To convince ourselves that the inequality is true, we can run the following python code, which prints 0.99999375.

import numpy as np
import scipy.linalg as la

n, d, ratios = 100000, 3, []
for i in range(n):
    A = np.random.randn(d, d)
    B = np.random.randn(d, d)
    A, B = A.dot(A.T), B.dot(B.T)
    lhs = np.matrix.trace(la.sqrtm(A.dot(B).dot(B).dot(A)))
    rhs = (1/4)*la.norm(A + B, ord='fro')**2
    ratios.append(lhs/rhs)

print(np.max(ratios))

After a little literature search, it seems that a slightly modified version of the inequality, with a factor $1/2$ instead of $1/4$ in the right-hand side, is a consequence of Theorem IX.4.2 in the textbook Matrix Analysis by Rajendra Bhatia.
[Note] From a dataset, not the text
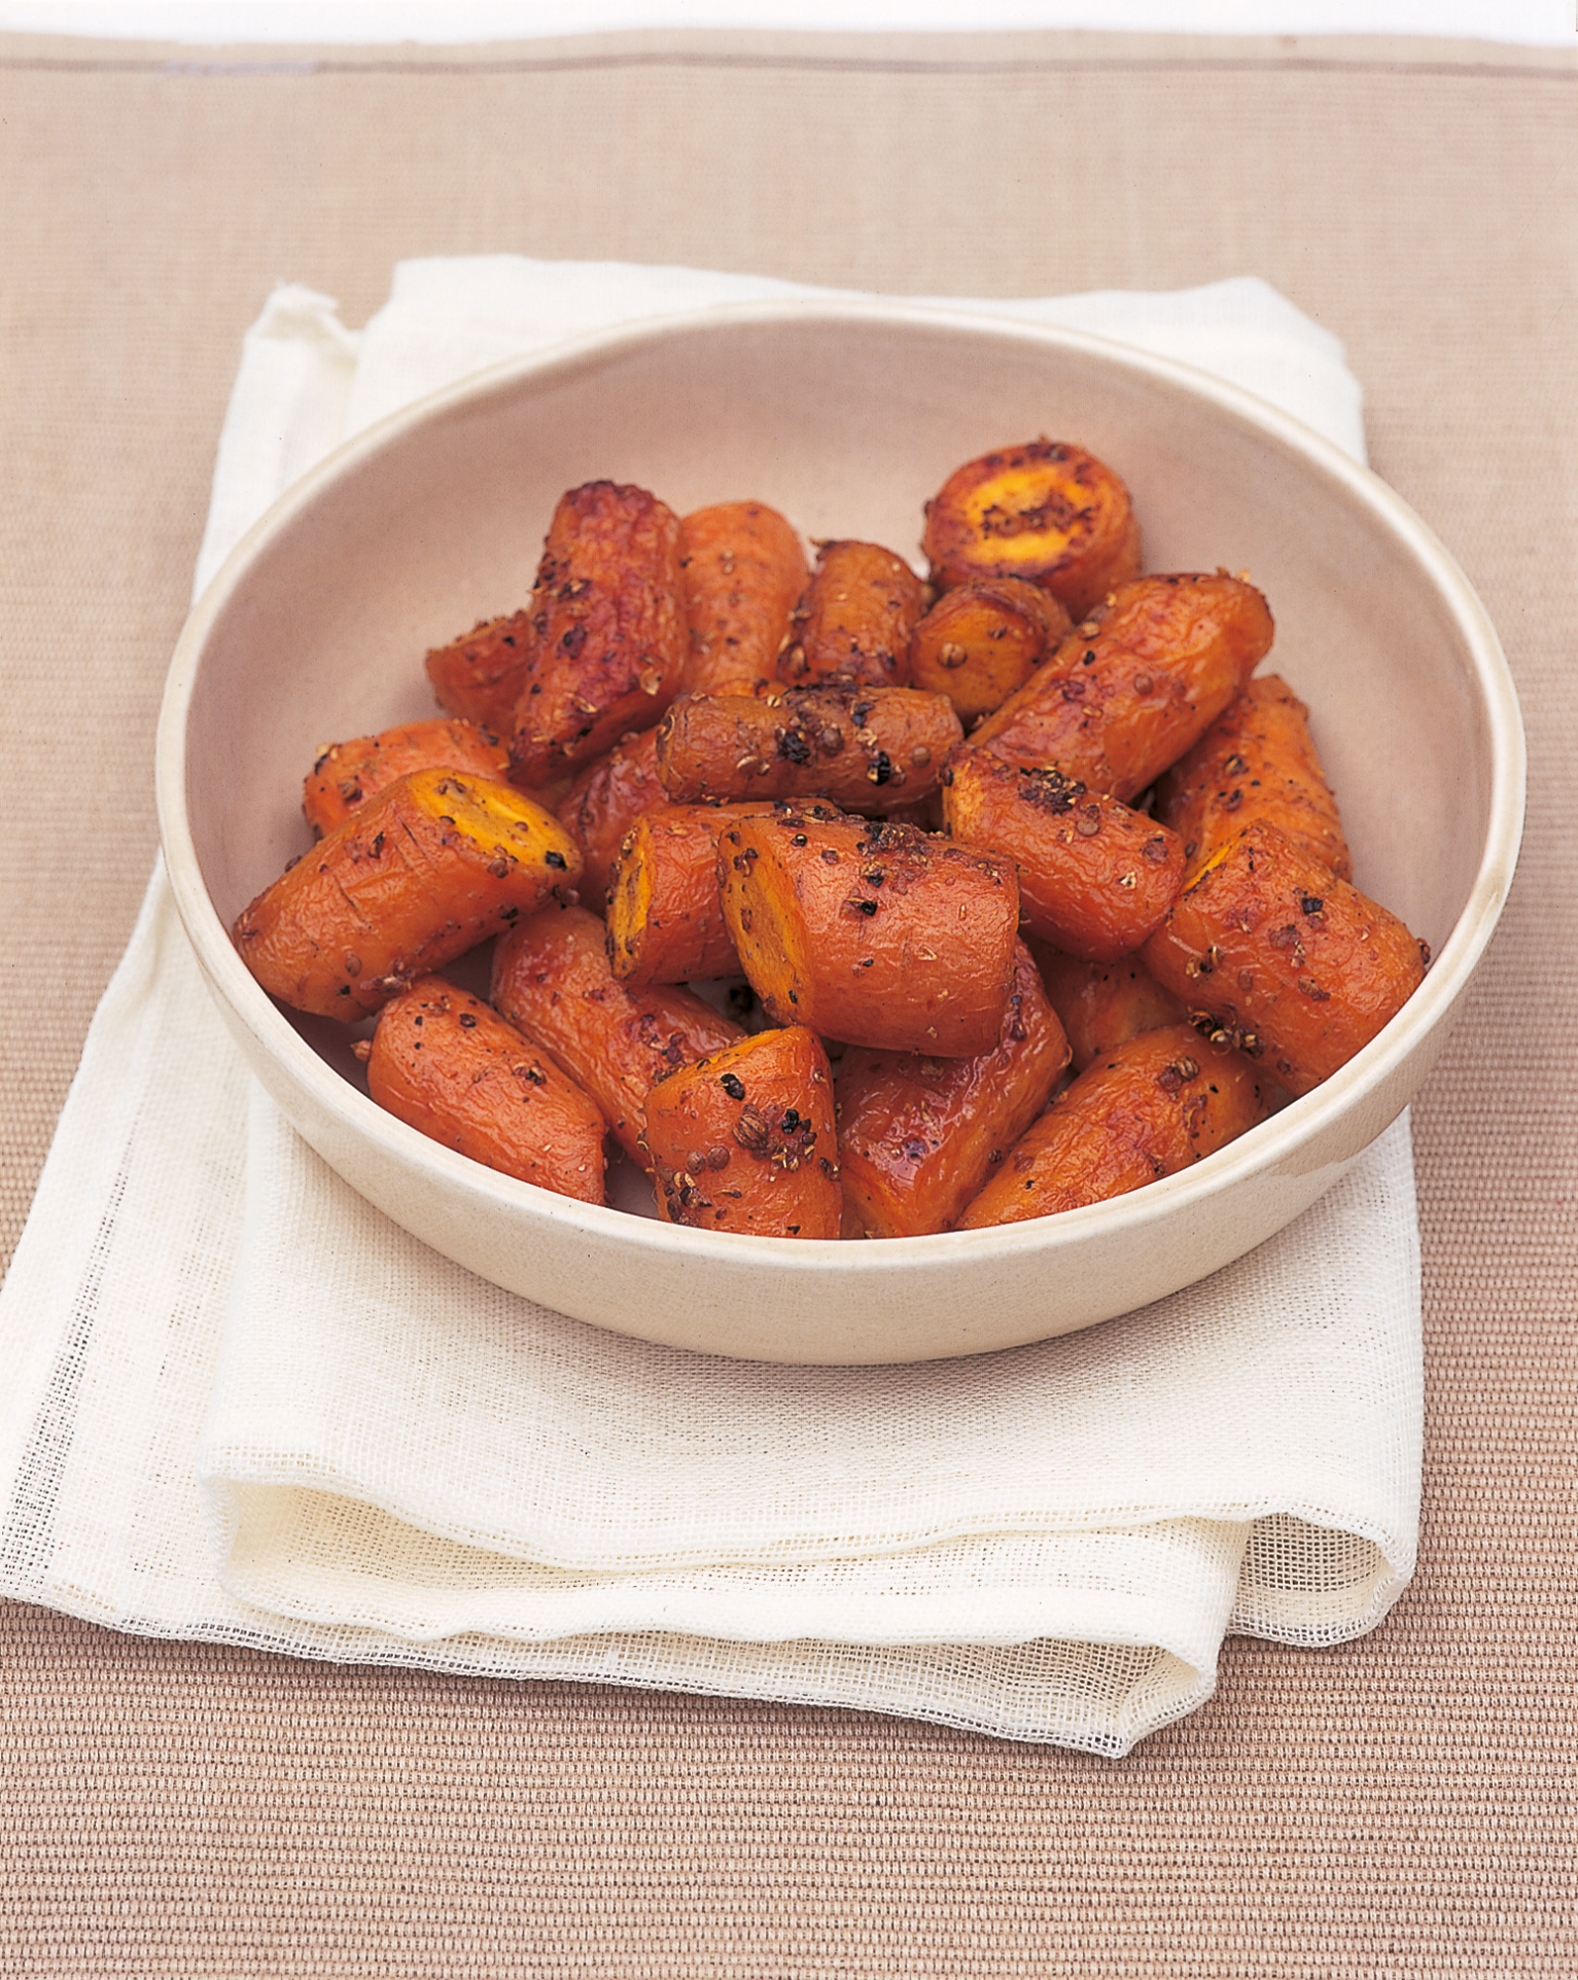 Oven-roasted Carrots with Garlic and Coriander | Recipes | Delia Online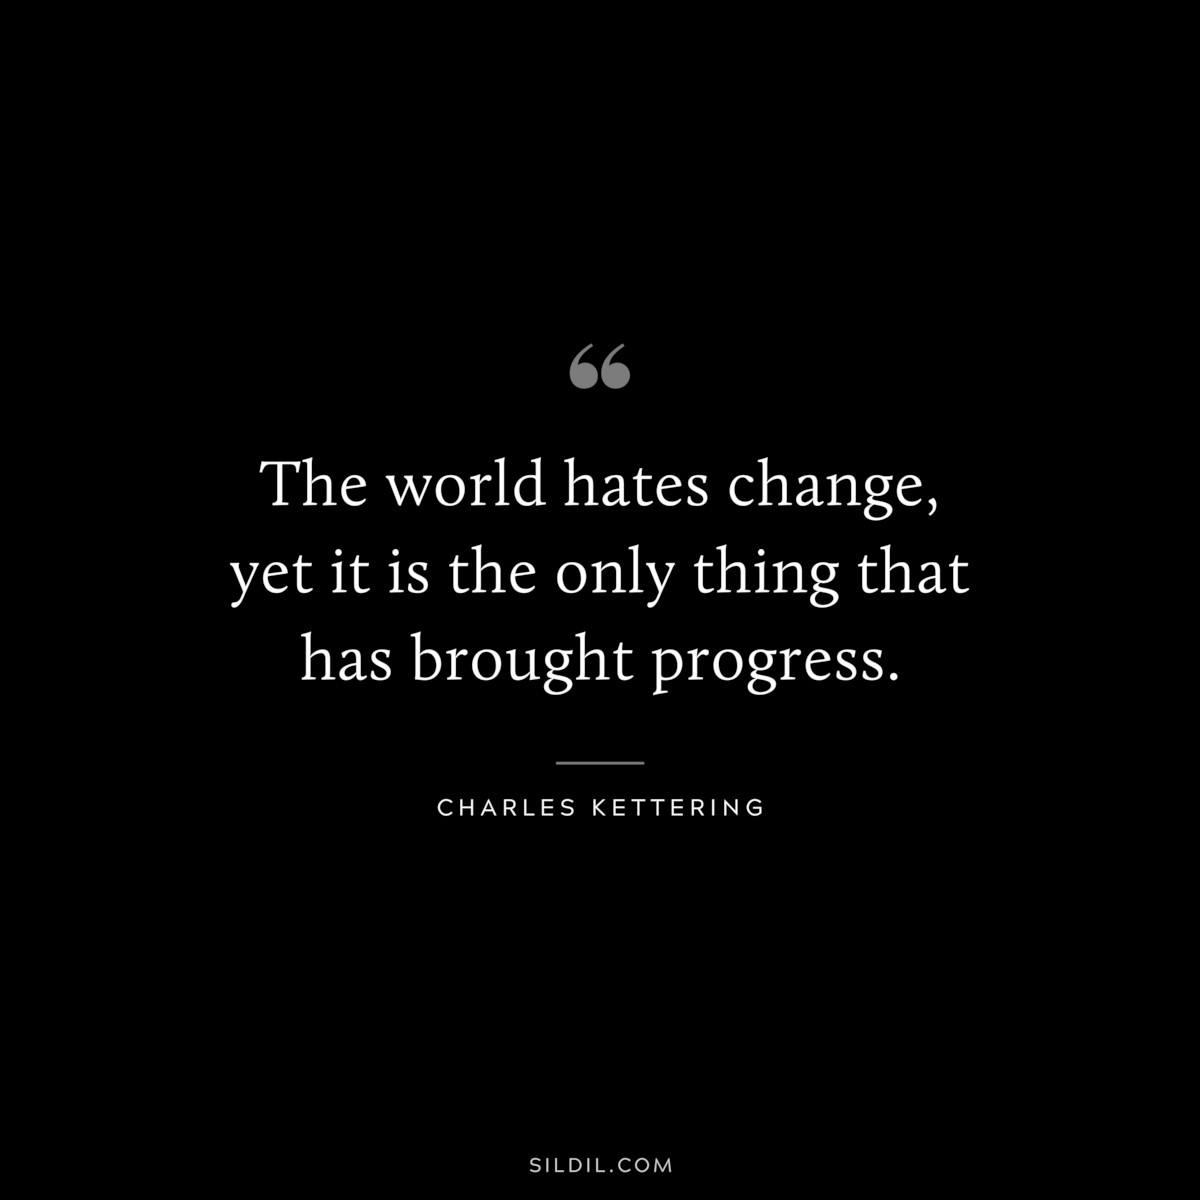 The world hates change, yet it is the only thing that has brought progress. ― Charles Kettering

Statement of Theorem IX.4.2: for any two matrices, $$s_j(A^*B) \leq \frac{1}{2} \, s_j(AA^* + BB^*),$$ where $s_j$, $j = 1, \dots, n$, denotes the $j$-th singular value.

Proof that this partially answers the question: we can rewrite the left-hand side as $$ GM(A, B) := tr \left( (A B^2 A)^{1/2}\right) = tr \left(\left((BA)^*BA\right)^{1/2} \right) = \sum_j s_j(BA). $$ Using the quoted result, we therefore obtain \begin{align} GM(A, B) &\leq \frac{1}{2} \sum_j s_j(A^2 + B^2) = \frac{1}{2} tr(A^2 + B^2) \\ &= \frac 14 tr((A + B)^2 + (A - B)^2) \\ &= \frac 14 tr(A + B)^2 + \frac{1}{4} tr(A - B)^2 \\ &= \frac 14 \|A + B\|_F^2 + \frac 14 \|A - B\|_F^2 \\ &\leq \frac 12 \|A + B\|_F^2 =: 2 \, AM(A, B). \end{align} Let us note that numerical experiments show that the inequality $$ \frac{1}{2} \sum_j s_j(A^2 + B^2) \leq 2 \, AM(A, B), $$ is sharp.

Answer 1

It turns out that this question is non-trivial and was resolved only in 1999, by Rajendra Bhatia and Fuad Kittaneh in the paper Notes on matrix arithmetic–geometric mean inequalities, freely available here. They show that, for any unitarily invariant matrix norm $\|.\|$, $$ \| A B\|\leq \frac 14 \|(A+B)^2\|. $$ In the particular case of the Schatten norm with $p = 1$, this means $$ \sum_j s_j(AB) \leq \frac{1}{4} \sum_j s_j ((A + B)^2) = \frac{1}{4}\sum_j (s_j(A+B))^2, $$ which is the inequality we were trying to show.

Answer 2

Denote $C = AB$, then $CC^t$ is positive definite. Hence,

$$ tr \left( (A B^2 A)^{1/2} \right) = tr \left( (CC^t)^{1/2} \right) \leq \left( tr(CC^t) \right)^{1/2} = \left( tr (A B^2 A)\right)^{1/2} = \left( tr (A^2 B^2 )\right)^{1/2} = tr(AB).$$

Now,

$$ tr(AB) = \sum_i \sum_j a_{i,j} b_{j,i} \leq \sum_i \sum_j \frac{1}{4}(a_{i,j} + b_{j,i})^2 = \sum_i \sum_j \frac{1}{4}(a_{i,j} + b_{i,j})^2 = \frac{1}{4} \| A + B\|_F^2.$$

Hence the result